Templar Mysteries

New World Order

Perhaps the most controversial theme used in The Templar Agenda and The Larmenius Inheritance is the assertion that the Templars not only survived excommunication in the 1300s but also, over the resulting centuries, have used their power and influence in ways that continue to hold sway over the masses.

This is the New World Order theory: the premise that there exists a shadowy group of individuals responsible for the occurrence of many critical events in history, all for the one ultimate purpose: the establishment of a one-world government.

Over the years, many variations of this theory have emerged. Quite famously in the 19th century a controversial text appeared in Europe entitled The Protocols of the Elders of Zion. Though now proven as a hoax, the shockwaves it produced were powerful, convincing many of an actual Judo-Masonic conspiracy for world domination. Other secret societies and orders have been linked with New World Orders: notably the Masons, the Illuminati, the Bohemian Grove, the Bilderberg Group, and everything else ranging from aliens to the descendants of Atlantis.

In short, most of the conspiracies that have entered the public consciousness over the last seven decades range from the plausible to the stupid, usually bordering on the excessively paranoid. In the case of my novels, the idea was simple. The influence of the Templars, powered by their military wing and banking capabilities, has allowed a continuous manipulation of world events, enhanced by their ability to cloak themselves under the guise of others. The concept of the New World Order is itself nothing new.

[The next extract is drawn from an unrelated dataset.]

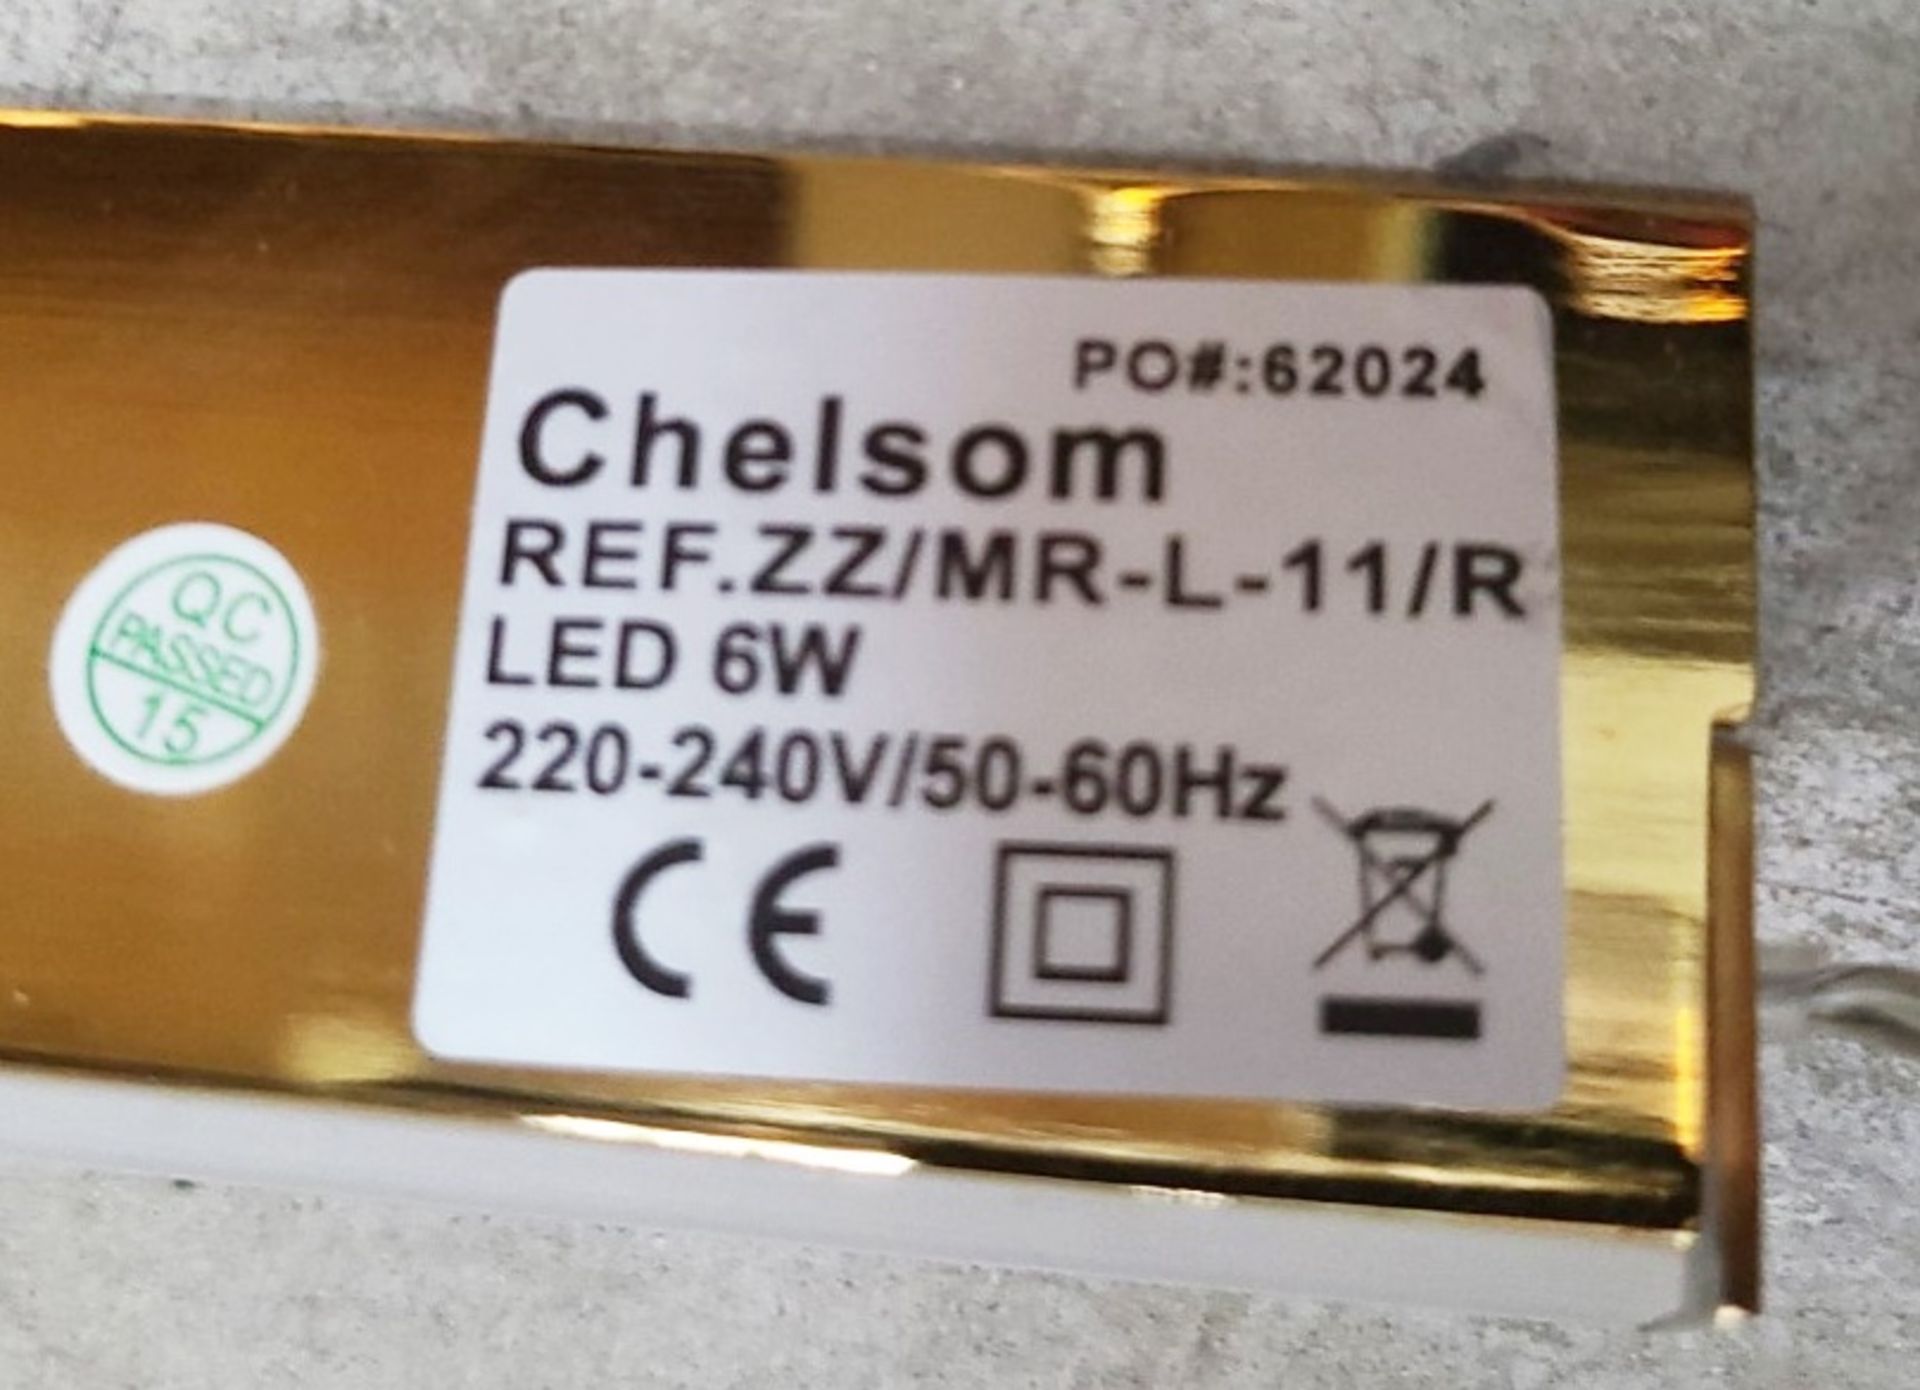 1 x CHELSOM 135cm Wall Mounted Brass Strip Lighting With On/Off Touch Switch For A Beautiful Finish - Image 8 of 8

Nor, necessarily, is the idea that the Templars are responsible. Throughout my research, I have found finger pointing at the Templars for their role in manipulating events of history to be not uncommon but inconsistent. The idea has no visible foundation or creator. If there is a source, it was probably the same people responsible for the Larmenius Charter, if not earlier still. The legend of the man who shouted out before the people of Paris that Jacques de Molay had been avenged I have been unable to trace.

I do not doubt that there are some exclusive societies in the world capable of keeping extraordinary secrets, the Bohemians and the Pacific-Union seem as capable as any. Less convincing is the idea that the Templar Order continued subsequent to 1312 to form an elitist group with an axe to grind. The agenda in my novel is plausible: their demise was unfair and also one of betrayal. In practice, however, the idea that several thousand people could stay in contact in war-scattered Europe and put this plan into place is extremely doubtful. The best arguments for a new world order exists with the concept that the events and decisions of the people who lead us, and their ideologies, cannot exist without a more complex framework, and ultimately that their effects are leading to the culmination of one significant outcome.